Darauf, ob die erklärende Person die Erkenntnisse unmittelbar selbst gewonnen hat oder lediglich aufgrund fremder, namentlich durch mehrere Observationsbeamte zusammengetragener Erkenntnisse – gleichsam vom Hörensagen – berichtet, kommt es nicht an (vgl. allgemein zur Verlesung von Observationsberichten BGH, Beschluss vom 8. März 2016 – 3 StR 484/15, BGHR StPO § 256 Abs. 1 Nr. 5 Ermittlungsmaßnahmen 3 Rn. 2; ablehnend SK-StPO/Velten, 5. Aufl., § 256 Rn. 33; Conen in Festschrift Eisenberg, 2019, S. 377, 381 ff.; s. im Übrigen zu Behördenerklärungen LR/Stuckenberg, StPO, 27. Aufl., § 256 Rn. 12; zum Zeugen vom Hörensagen etwa BGH, Urteil vom 1. August 1962 – 3 StR 28/62, BGHSt 17, 382, 383 f.). Hierfür spricht bereits die Gesetzesbegründung, die regelmäßig auf gesammelten Erkenntnissen beruhende Schlussberichte lediglich insoweit für nicht verlesbar ansieht, als darin der Inhalt einer Vernehmung wiedergegeben wird (BT-Drucks. 15/1508 S. 26).

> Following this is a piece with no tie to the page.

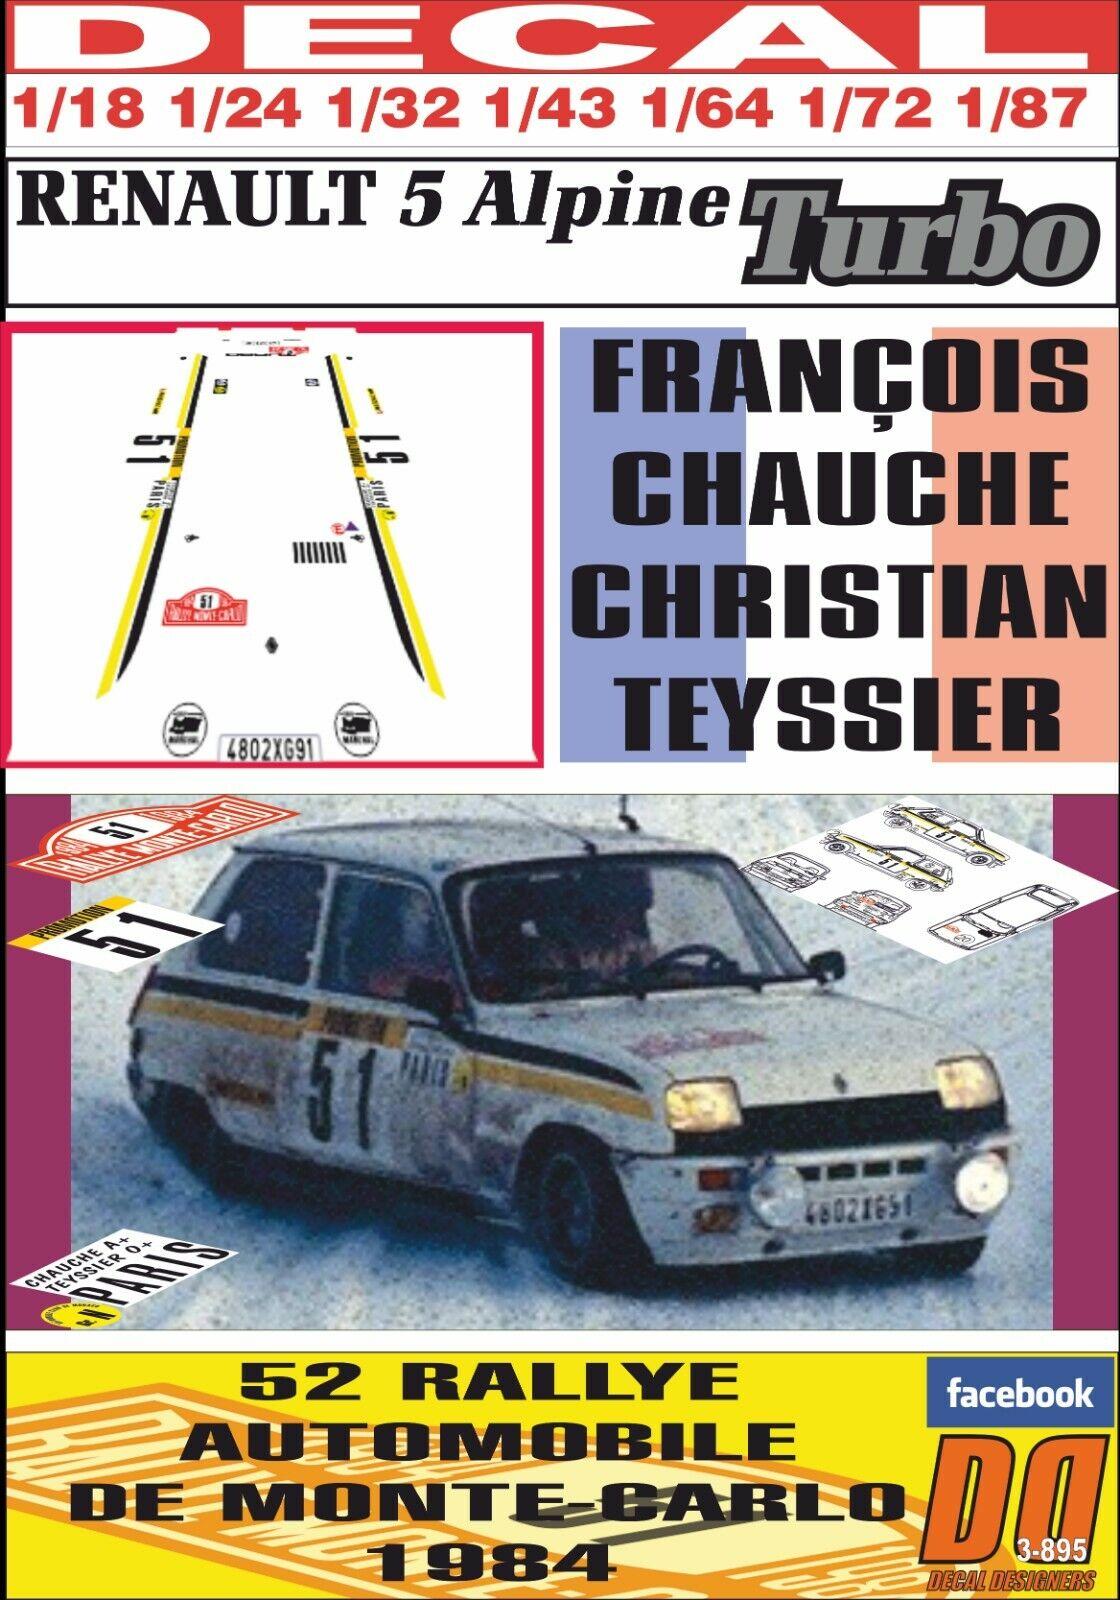 DECAL RENAULT 5 ALPIN TURBO F.CHAUCHE R.MONTEbilLO 1984 DnF (01)

cc) Die mit dem jeweiligen Vorblatt zu den Akten gelangten Observationsberichte durften unabhängig davon als Beweismittel genutzt werden, ob die vorangestellten Schreiben selbst verlesen wurden. Die Verlesung von Urkunden kann nach Maßgabe der Aufklärungspflicht auf die für die Entscheidung bedeutsamen, aus sich heraus verständlichen Teile beschränkt werden (vgl. BGH, Beschluss vom 12. Januar 2011 – GSSt 1/10, BGHSt 56, 109 Rn. 34; Urteil vom 8. März 1960 – 5 StR 17/60, GA 1960, 277; KK-StPO/Diemer, 9. Aufl., § 249 Rn. 28; MüKoStPO/Kreicker, § 249 Rn. 43). In diesem Sinne bedeutsam sind die Schreiben der Koordinierungsstelle des Bundeskriminalamtes indes nicht, da sie hauptsächlich für die im Wege des Freibeweises zu klärenden Frage der Verlesbarkeit anderer Teile der Urkunden relevant sind (vgl. BGH, Beschluss vom 18. April 2007 – 2 StR 111/07, StraFo 2007, 331; OLG Düsseldorf, Urteil vom 1. Februar 1983 – 2 Ss 349/82, StV 1983, 273; BeckOK StPO/Ganter, 46. Ed., § 256 Rn. 23).

dd) In Bezug auf zwei Berichte über die Observation durch eine b.      Spezialeinheit am 24. Mai 2013 kommt es entscheidend weder darauf an, ob insofern die vom Generalbundesanwalt vorgebrachten Bedenken gegen die Zulässigkeit der Rügen durchgreifen, noch, ob in der Sache die Urheber der Erklärungen erkennbar sind. Denn mit Blick auf die dichte übrige Beweislage ist auszuschließen, dass sich die Berücksichtigung der Berichte bei der Überzeugungsbildung des Oberlandesgerichts zum Nachteil der Angeklagten ausgewirkt hat.“

ich bin gespannt, was der BGH mal macht, wenn er die Frage entscheiden muss. Zumindest haben wir hier schon mal einen Hinweis, in welche Richtung es gehen könnte.